This paper is interesting because it attempts to look at entrepreneurship through a biological lens. It flirts with the question "are entrepreneurs born or made?" Here is what the study found.
The results of our research support the primary hypothesis that individuals with higher salivary testosterone levels are more likely to behave entrepreneurially. More specifically, T is positively related to risk propensity (Hypothesis 1). There is also a positive relationship between risk propensity and the likelihood of an entrepreneurial experience (Hypothesis 2). The data indicate that risk propensity partially mediates the relationship between T and E (Hypothesis 3).
Entrepreneurship involves the interaction of individuals and opportunities. In this
research we attempt to explain a portion of the variance on the individual side of the entrepreneurship equation. There are a wide array of social influences, learned behaviors, and other factors resulting in individual differences that affect entrepreneurial behavior. We focused upon an innate, heritable biological attribute, T level. Our findings indicate risk-taking propensity is related to this heritable physiological attribute; it is in part innate. More specifically, individual innate biological differences in testosterone are associated with differences in risk-taking propensity, and thus with entrepreneurial behavior.
I don't find this surprising at all, but I think it is misleading. It is more a reflection of the poor overall state of entrepreneurial education in this country than anything else.
The authors note later in the paper that their work is only relevant to attempts at new venture creation and says nothing about success rates. All they have shown is that those people most likely to enter the realm of entrepreneurship are more likely, all else being equal, to have higher testosterone levels. But just as there are biological propensities to pursue certain courses of action in life, there are environmental propensities too. My assumption is that low levels of testosterone coupled with an environment that encouraged calculated risk taking would have a similar effect on entrance into the field of entrepreneurship. Since I recall reading somewhere that too much testosterone could actually lead to poor decision making, I wouldn't be surprised to find out that:
- Of those that start new ventures, there will be a correlation between long-term success and lower testosterone
- The correlation between education and entrepreneurial success is stronger than the biological correlation.
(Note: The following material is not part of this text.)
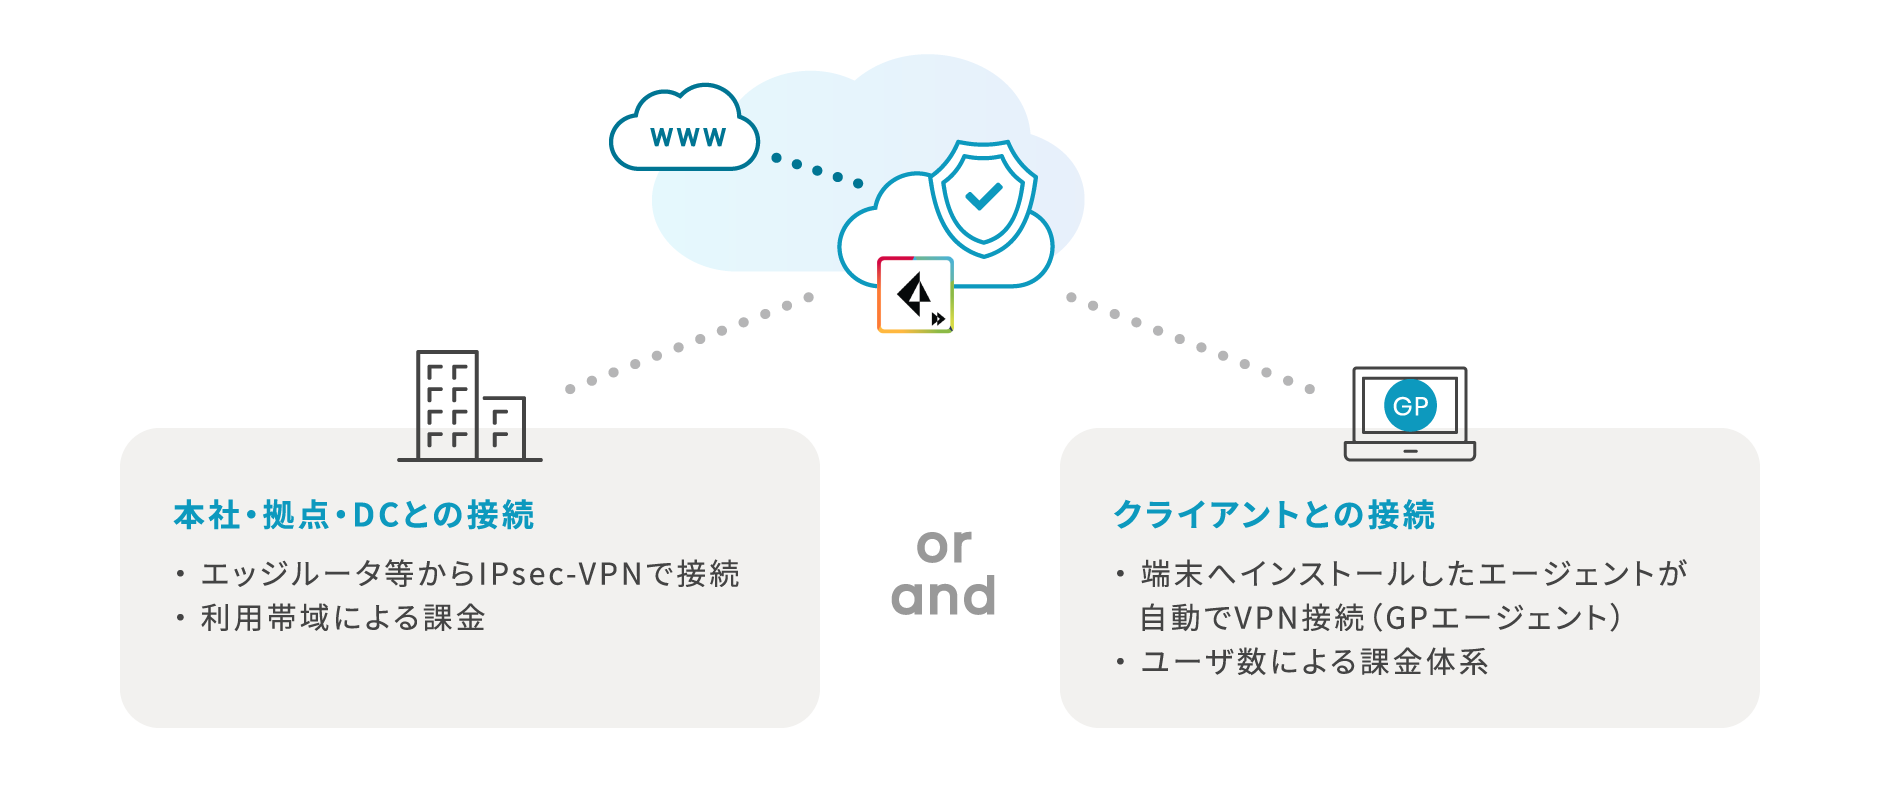 【本社・拠点・DCとの接続】・エッジルータ等からIPsec-VPNで接続　・利用帯域による課金　or/and　【クライアントとの接続】・端末へインストールしたエージェントが自動でVPN接続（GPエージェント）　・ユーザ数による課金体系

In other words the mental model in my head based on my own experiences and interaction says that biology determines whether or not you have the base set of requirements to pursue entrepreneurship (high energy, drive, risk acceptance, etc.) but education/environment determine more or less whether you are successful. And don't forget than when you are talking about something that contains a million possible variables, luck, chance, and timing all play a part as well. Ultimately I think this research doesn't have much practical value, other than to help people realize that further research should be done to understand more about entrepreneurs. Or perhaps this will result in a Silicon Valley drug scandal similar to what we've seen in baseball recently as VCs start lacing the lunches of entrepreneurs with testosterone.